To achieve this benefit, they considered that surveys could be most
useful if
they employed scenarios where consumers were exposed to what one respondent
described as the “whole factual matrix”,
and where an artificial
emphasis was not placed on the disputed attribute.
- However,
despite the benefits that could accrue to surveys, some respondents saw the cost
of commissioning these as near-prohibitive,
particularly when the need for
academic experts was included in the overall budget. The cost of conducting a
survey with an adequate
sample size, that included appropriate and rigorous
quality assurance procedures, and that could withstand detailed critical
scrutiny
was sometimes seen as not worth the risk that the findings could prove
unhelpful. This tension between the cost of a survey and the
unpredictability of
the likely benefits led some respondents to adopt a risk-averse approach and to
avoid surveys unless they felt
that consumer evidence was critical to a
case.
- Although
lawyers recognised the risk that survey evidence may not support the arguments
they wished to advance, they nevertheless
recognised that some of the
“rules” relating to surveys had become more clearly documented over
the last decade. In particular,
they noted the availability of checklists in
some decisions, and among other things, noted the recognised need to identify
the relevant
universe, avoid leading questions, ensure the questions asked were
appropriate, and verify that the interviewers had been correctly
briefed and
trained, and had not been apprised of the purpose of the survey.
- Where
a decision to proceed with a survey was taken, lawyers’ involvement in the
survey design process varied. While some wrote
and designed in-house surveys,
others closely oversaw the work conducted by research companies and expert
advisors, while yet others
devolved the process and relied heavily on the
expertise of those more familiar with survey research. Some lawyers noted that
past
experience suggested they needed to liaise very closely with the research
team to ensure the brief was followed appropriately. However,
others felt it was
necessary to retain some distance to ensure they were not open to allegations of
influencing the research process.
- As
well as commenting on the general advantages and disadvantages that they
associated with survey evidence, respondents were also
asked their opinion of
the different types of error affecting survey evidence and the extent to which
they thought these errors could
reduce the value of a survey.
6.4.2 Coverage Error
- Respondents
recognised that surveys needed to include both respondents who might currently
be purchasing a dispute brand or other
brands within the overall product
category and respondents who might be future users of the category.
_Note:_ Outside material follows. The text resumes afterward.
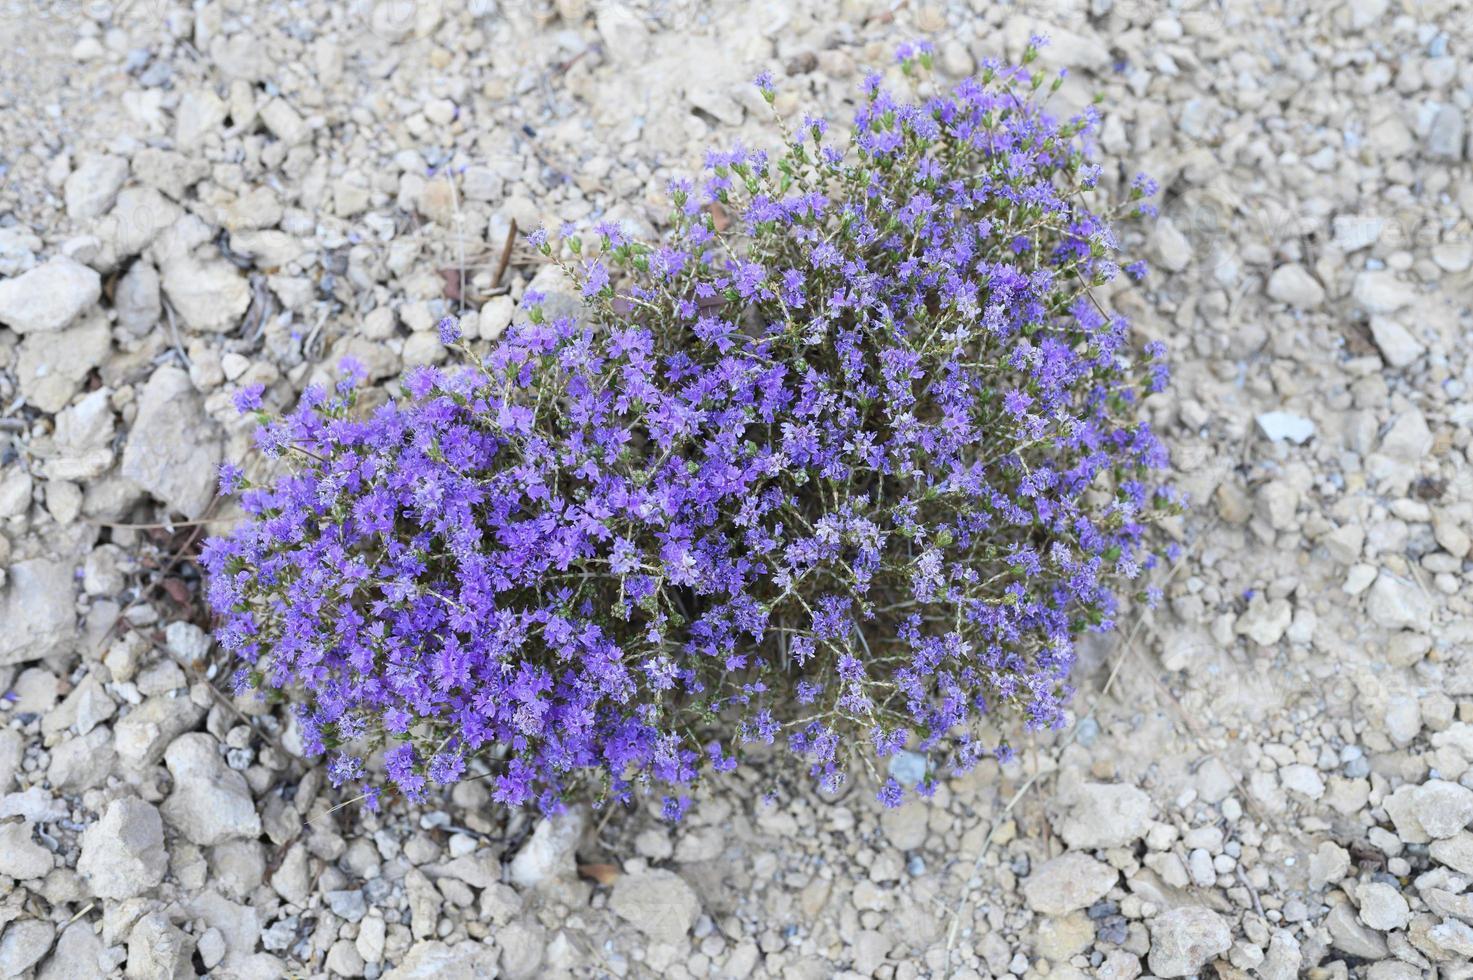 Mountain Greek wild thyme Bush blooming purple flowers among the stones photo
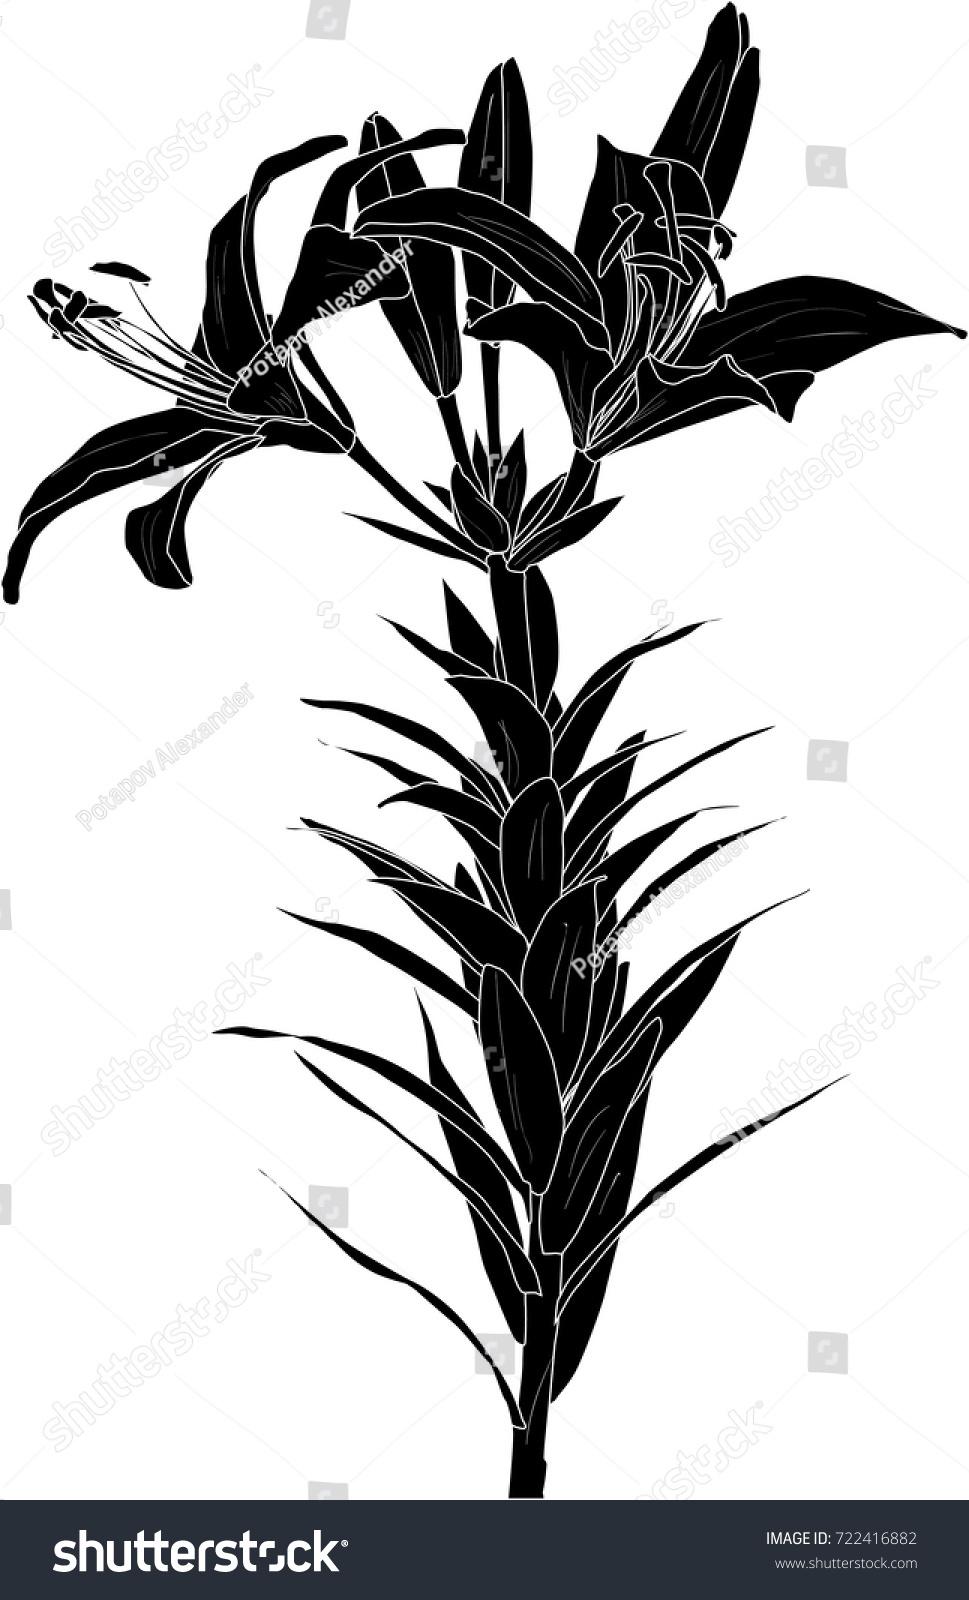 Illustration black lily flower silhouette isolated stock vector illustration with black lily flower silhouette isolated on white background izmirmasajfo

However,
they felt that the
relevant population depended on the issue in dispute and that
each case needed to be assessed individually. Almost invariably, therefore,
respondents noted that the sample needed to be tailored to the particular
dispute being heard. Apart from ensuring the population
included likely (or
interested) as well as current users of a product category or particular brands
within this, respondents did
not employ any rules when defining the survey
population.
- Like
the other groups interviewed, lawyers did not have a particular rule of thumb
for defining the relevant population. As noted,
they believed this should
include both actual and potential purchasers, although they considered that the
population would depend
on the nature of the dispute and the particular product
or service involved. In particular, they believed this question required
an
assessment of the kinds of consumers active in the
product category
and purchasing the brand, the market structure, and the level of competition
that prevailed.
- Most
commented on the desirability of nationwide samples, so that consumers from
different geographic areas, and different supply
contexts, were included in the
sample. However, the details of which areas were chosen and the relative
weighting given to different
locations was left to the research company and
academic expert, if the latter had been retained.
- Respondents
generally accepted that screening questions could be an appropriate means of
defining the relevant sample members from
a wider population, although those
familiar with screening questions felt their use would depend on the product
category in dispute
and the purpose of the survey itself. However, if a
mall-intercept survey was considered the most efficient means of recruiting a
sample for a product category or brand that had limited penetration, screening
questions were seen as logical and appropriate. Similarly,
if the population had
tightly defined demographic characteristics, screening questions were seen as a
useful way of ensuring that
only eligible respondents were interviewed.
- Although
respondents who had used surveys including screening questions were familiar
with arguments for the use of these questions,
they were also aware that
screening questions could be challenged, particularly if the two sides to a
dispute had developed different
definitions of the relevant population. For this
reason, respondents noted that it was important to have a clear and compelling
explanation
to support the use of screening questions. In particular, they noted
the danger of defining a relevant population so tightly that
the sample included
only consumers with quite specialised knowledge of the product category or brand
in dispute, and who were arguably
no longer representative of consumers in
general.
- Some
also noted the importance of considering members of distribution channels,
particularly where retailers may be responsible for
advising consumers. In cases
where consumers’ decision was likely to be informed by retailers’
advice, these respondents
noted that any confusion among retailers would be
likely to be transferred to consumers. In these situations, information about
competing
products and the extent of channel overlap could help determine
whether surveys with retailers and distributors would be necessary.
6.4.3 Sampling Error
- Many
respondents were unsure what sampling error meant or how it was calculated. Some
expressed scepticism that a sample of 300 individuals
could adequately
represent
the views or behaviours of a much wider group and seemed
unaware of the basic principles of sampling. For many, the larger the sample,
the more acceptable they thought the survey would be. When asked about the
relationship between the sample size and the survey population
and whether
smaller samples might be more acceptable when the population of interest was
small, respondents still considered that
samples of fewer than 500 individuals
were likely to be open to question. For reasons they were often unable to
explain in detail,
many respondents favoured a sample size of 500 as a general
“rule of thumb”. However, despite relying on this general
benchmark,
most respondents also indicated that they were guided by experts they retained
and by market researchers, whom they believed
were better placed to determine
the relevant sample size and ensure that the resulting error margins would be
acceptable.
- While
not all respondents made comments like these, there was a lack of detailed
understanding of sampling and error margins among
the lawyers interviewed. Some
respondents were suspicious of small estimates believing (incorrectly) that
estimates of less than
4% could fall “within the margin of error”.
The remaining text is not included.